Return the data below exactly, please, but drop the pictures.

MATERIAL PROVIDED:
↓

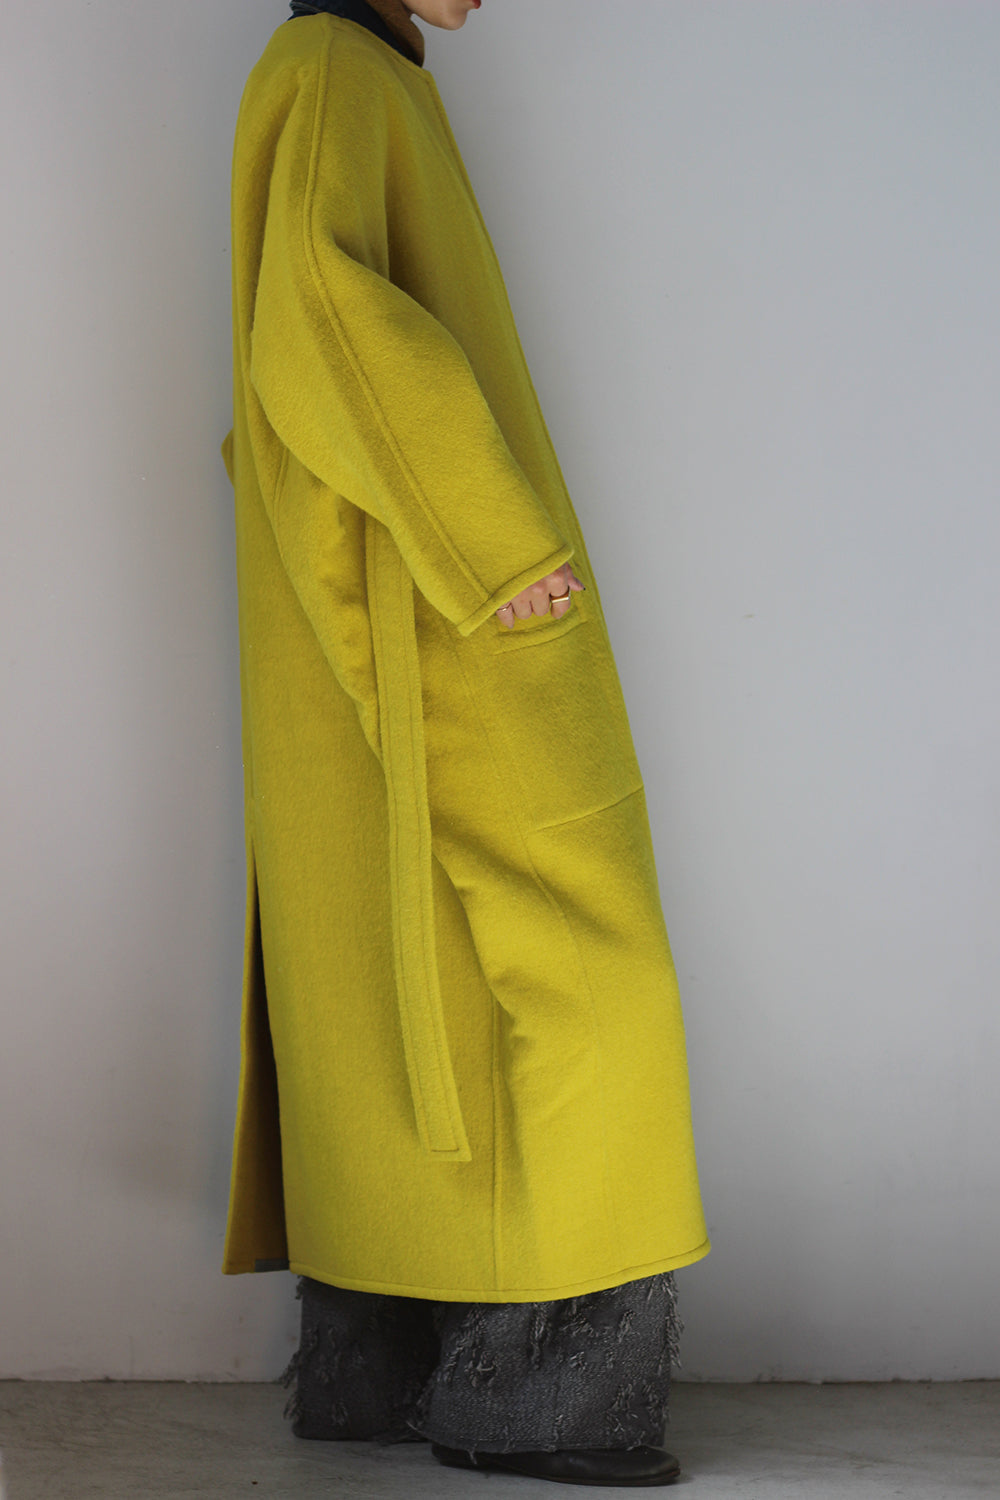 JUN MIKAMI "reversible coat" (yellow)
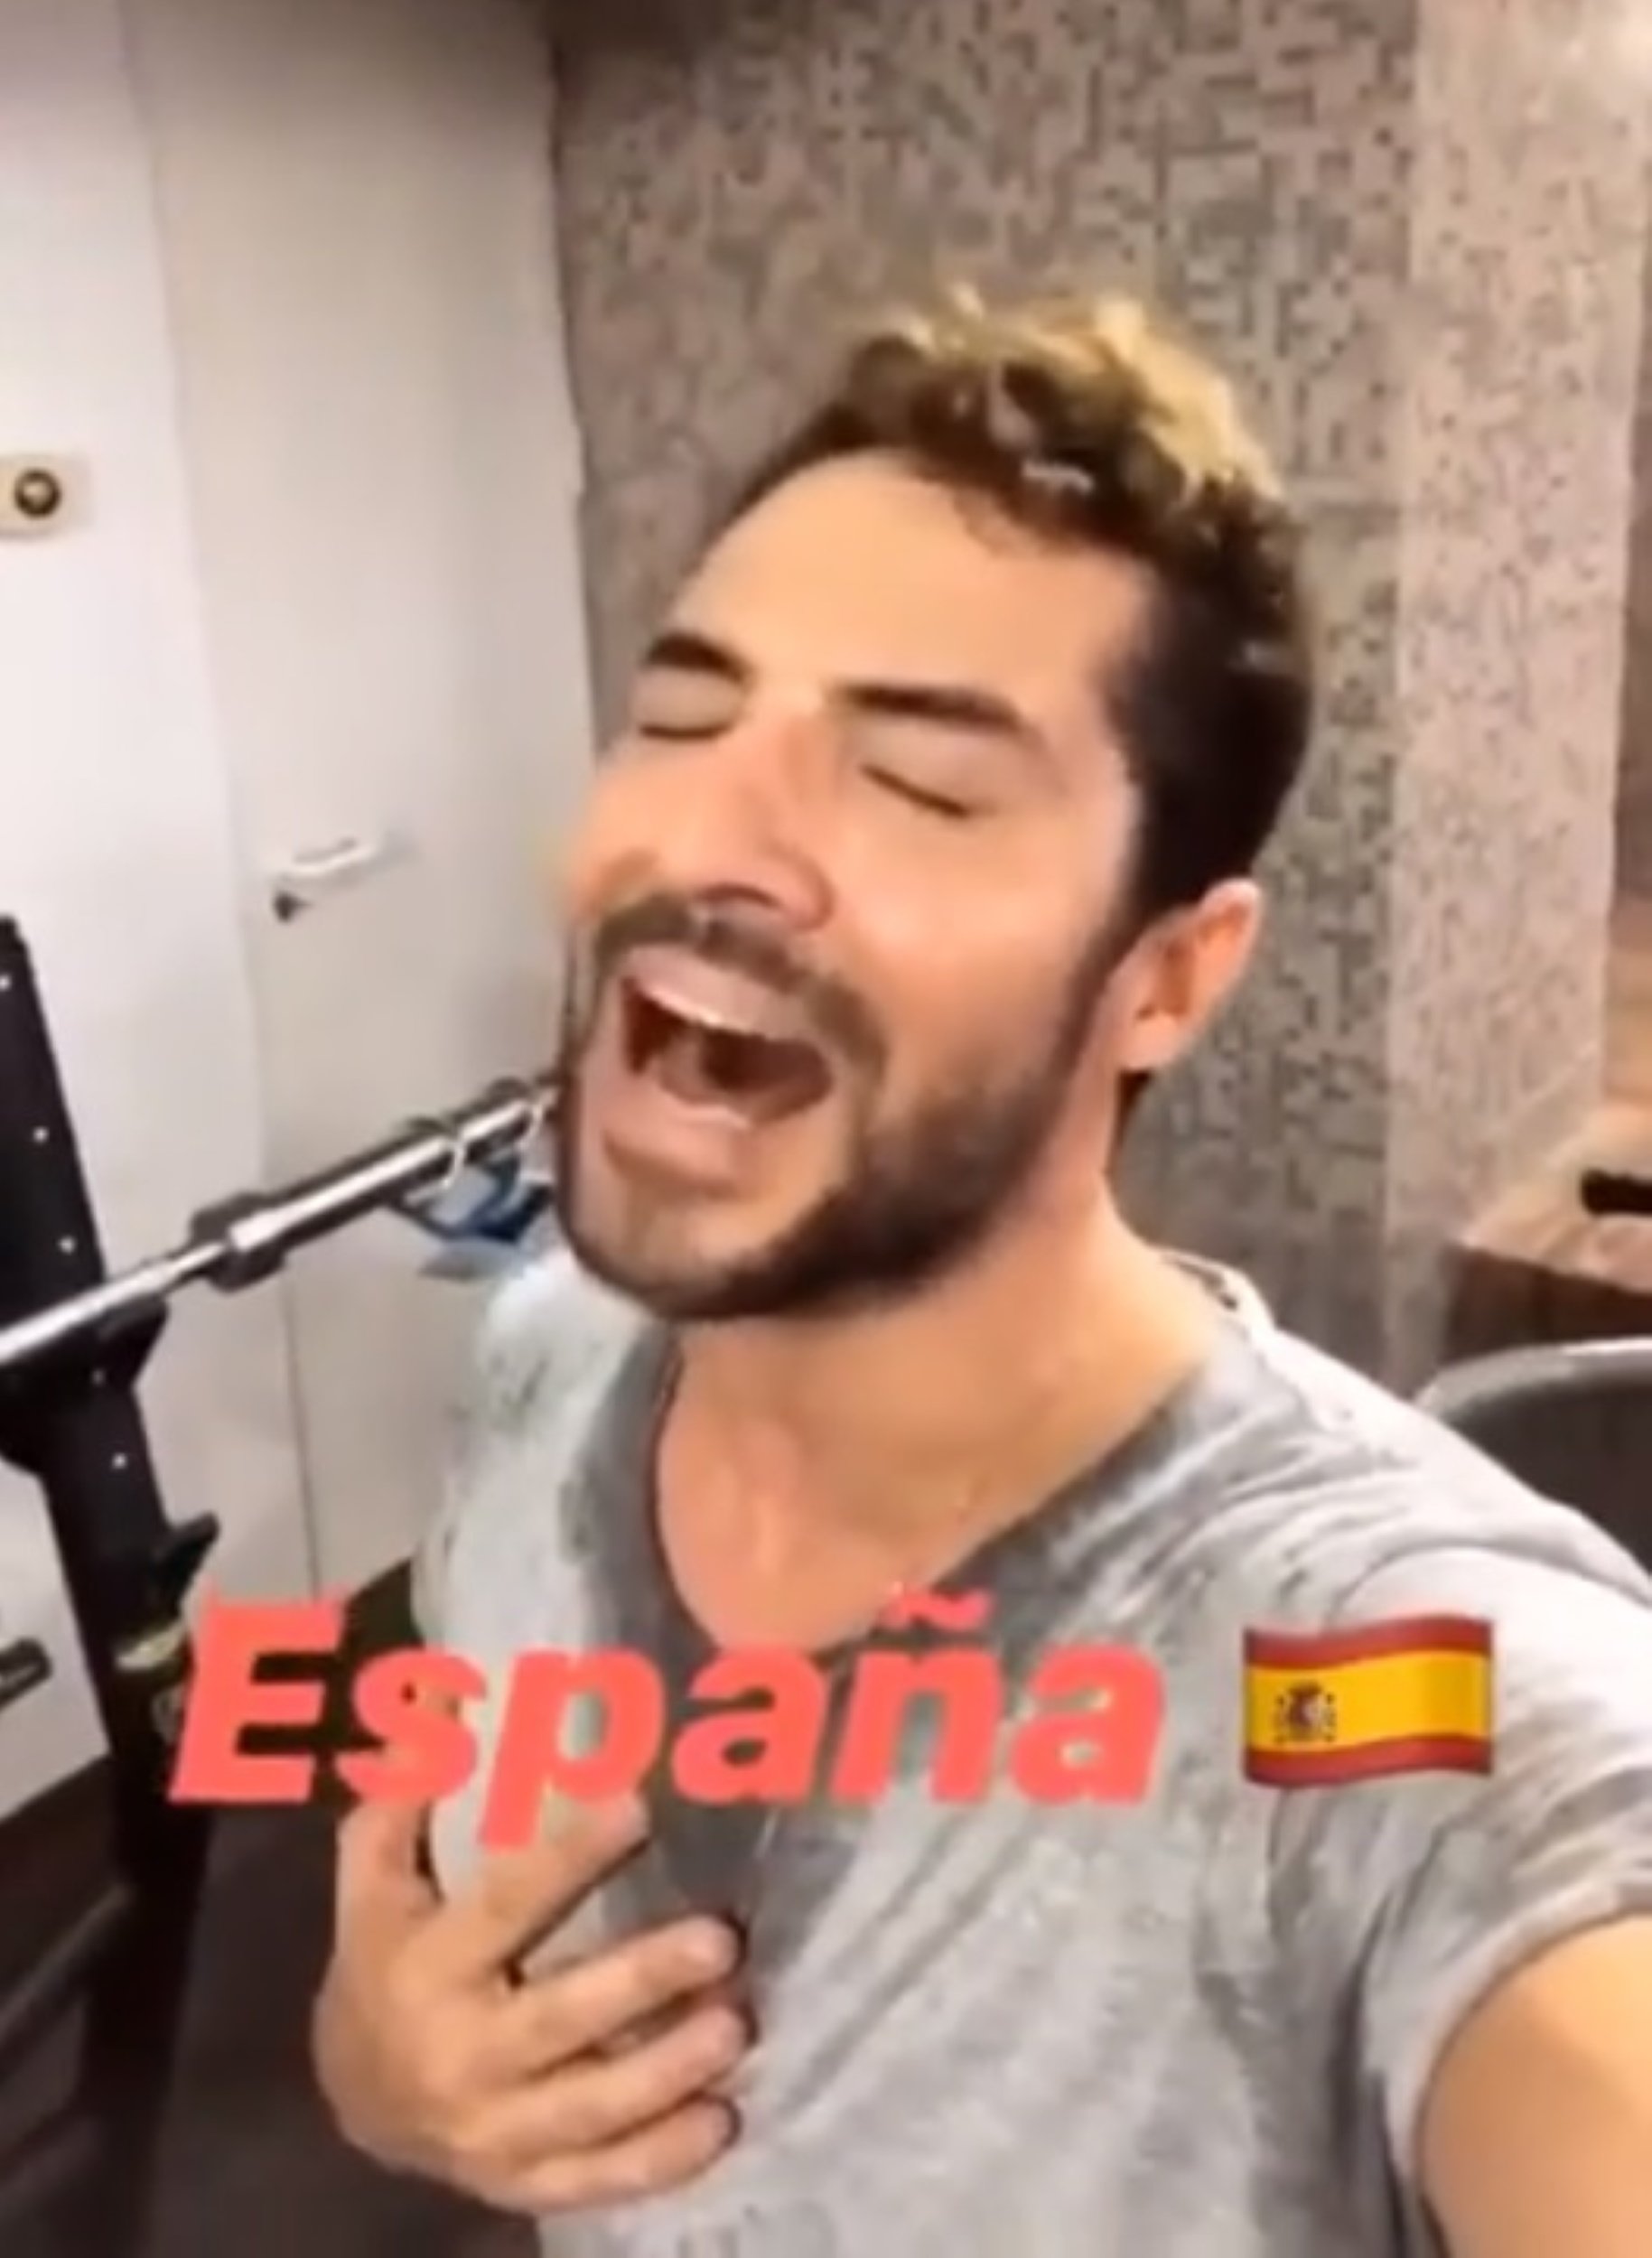 David Bisbal interpreta el himno de España, sudado y a gritos, y produce escalofríos
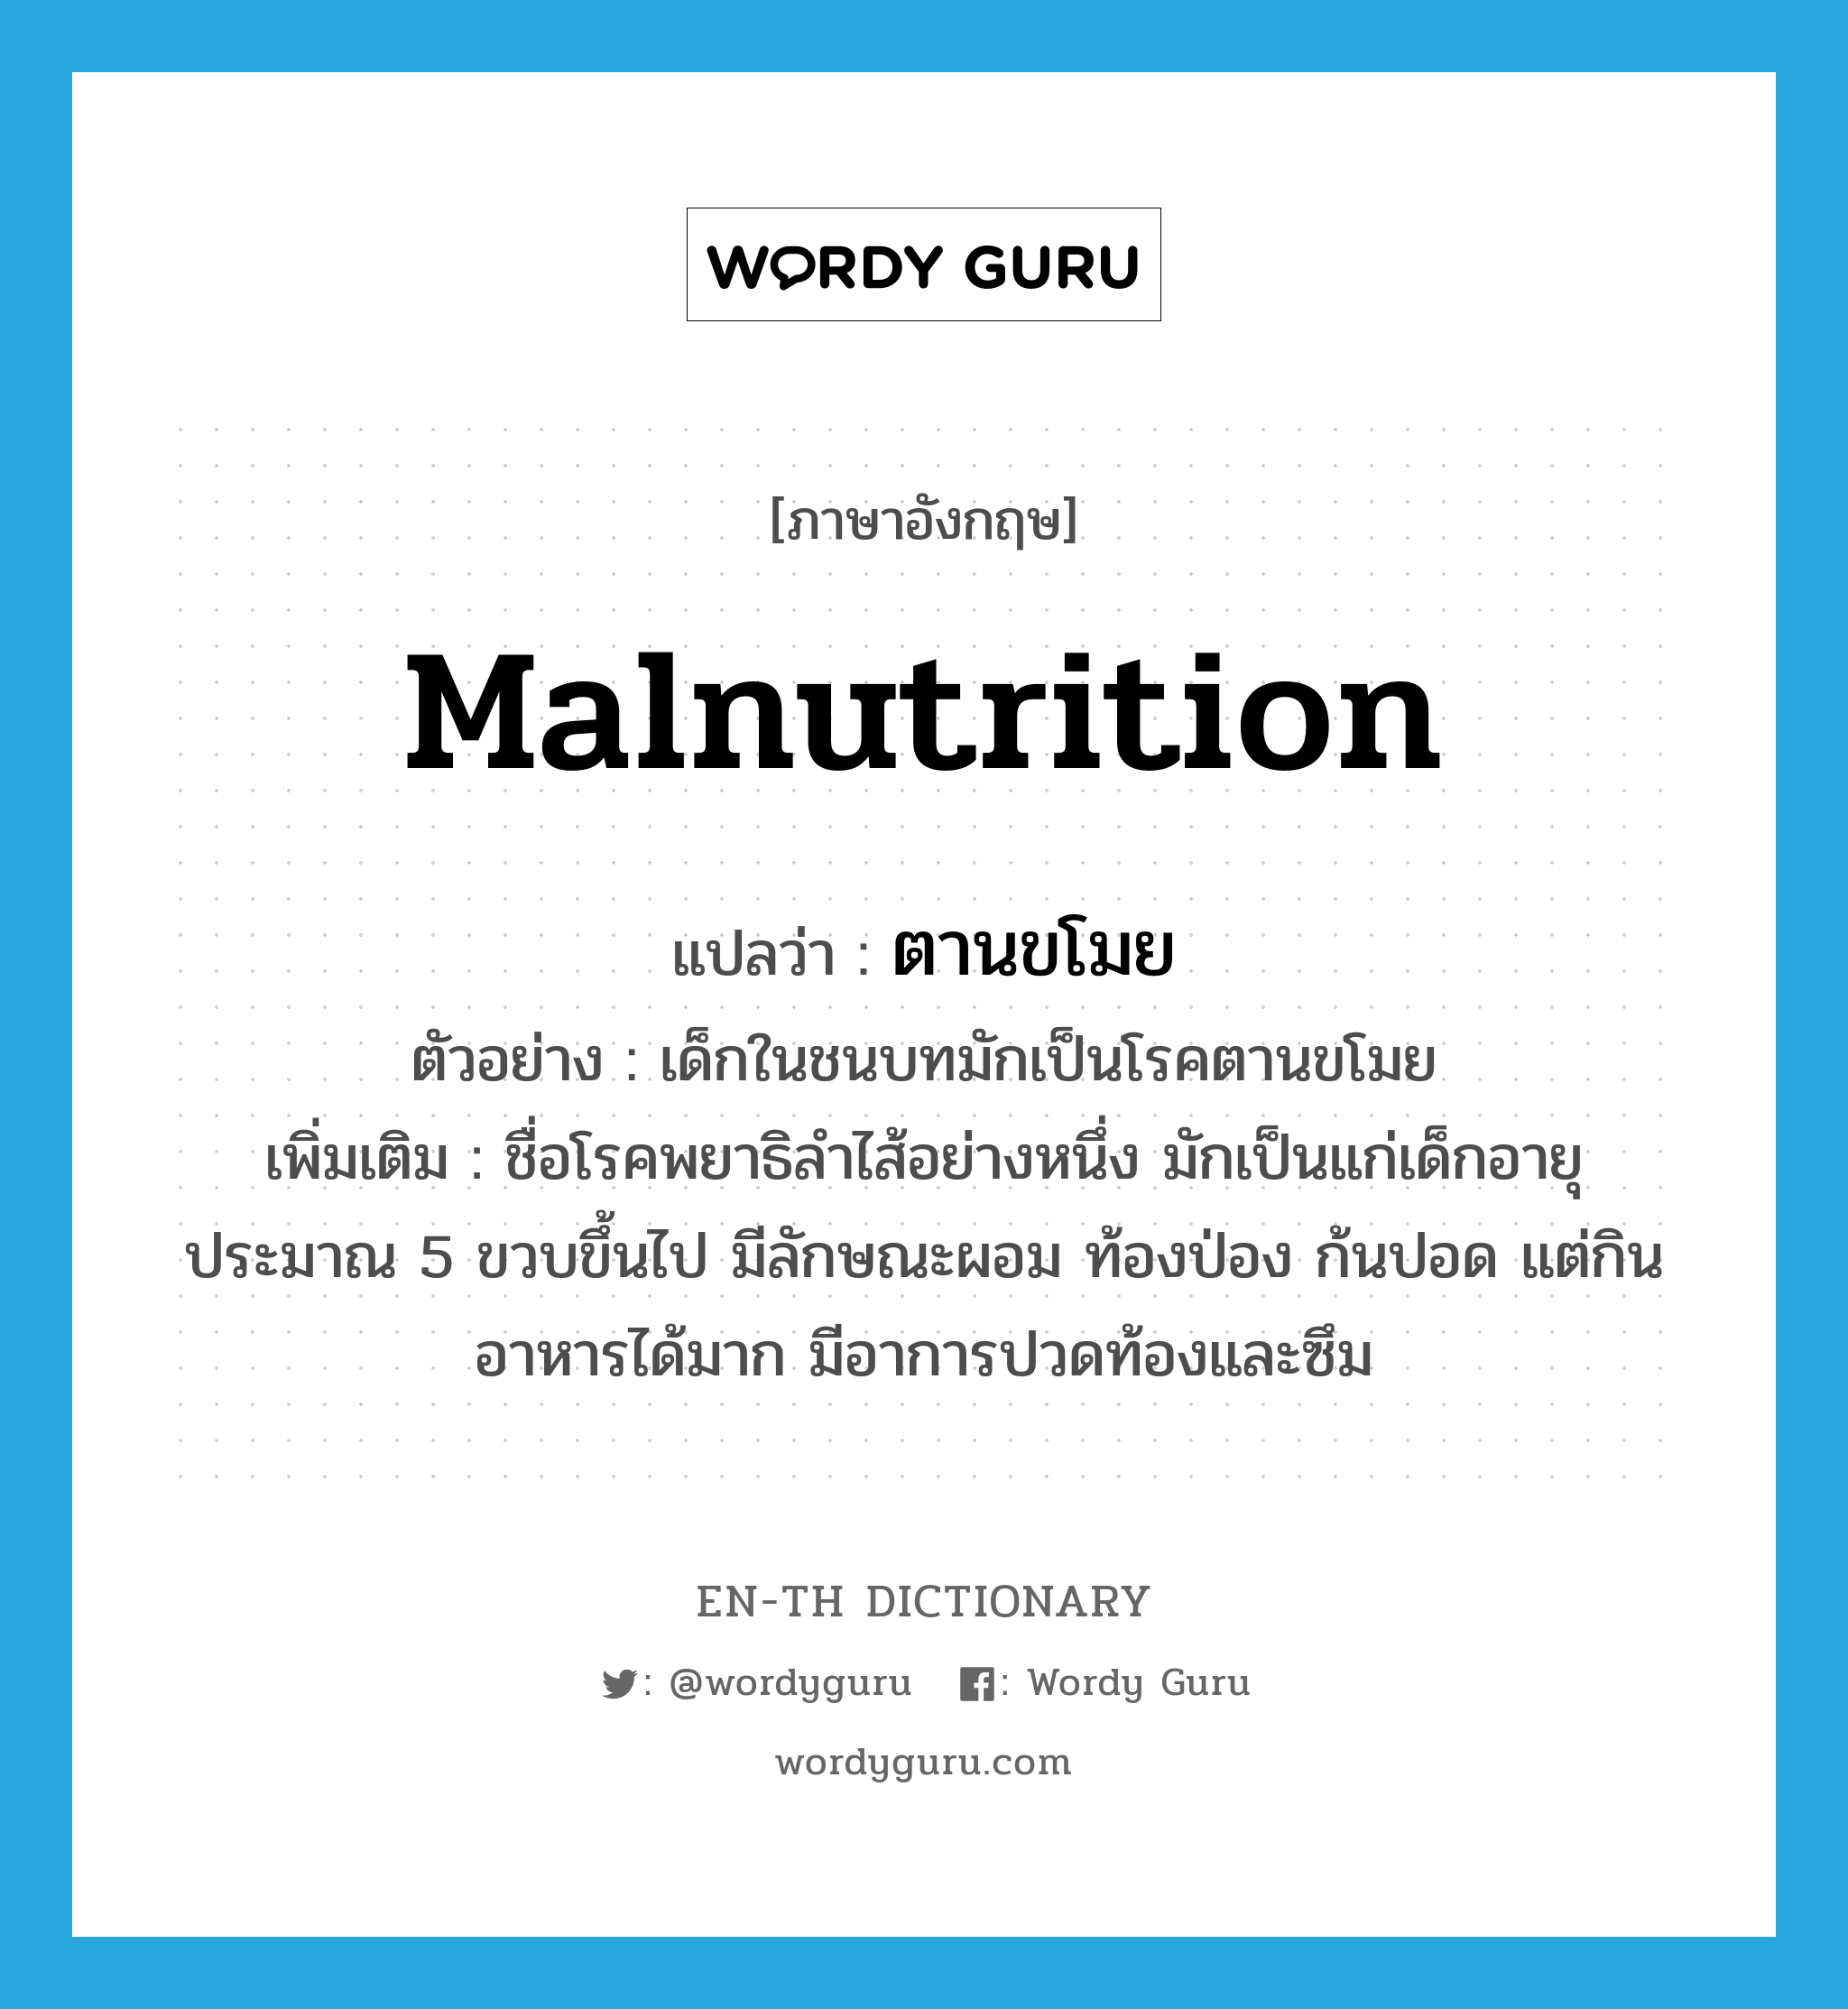 malnutrition แปลว่า?, คำศัพท์ภาษาอังกฤษ malnutrition แปลว่า ตานขโมย ประเภท N ตัวอย่าง เด็กในชนบทมักเป็นโรคตานขโมย เพิ่มเติม ชื่อโรคพยาธิลำไส้อย่างหนึ่ง มักเป็นแก่เด็กอายุประมาณ 5 ขวบขึ้นไป มีลักษณะผอม ท้องป่อง ก้นปอด แต่กินอาหารได้มาก มีอาการปวดท้องและซึม หมวด N

↑

ANSWER SPACE:
 JUN MIKAMI "reversible coat" (yellow)
 David Bisbal interpreta el himno de España, sudado y a gritos, y produce escalofríos
 malnutrition แปลว่า?, คำศัพท์ภาษาอังกฤษ malnutrition แปลว่า ตานขโมย ประเภท N ตัวอย่าง เด็กในชนบทมักเป็นโรคตานขโมย เพิ่มเติม ชื่อโรคพยาธิลำไส้อย่างหนึ่ง มักเป็นแก่เด็กอายุประมาณ 5 ขวบขึ้นไป มีลักษณะผอม ท้องป่อง ก้นปอด แต่กินอาหารได้มาก มีอาการปวดท้องและซึม หมวด N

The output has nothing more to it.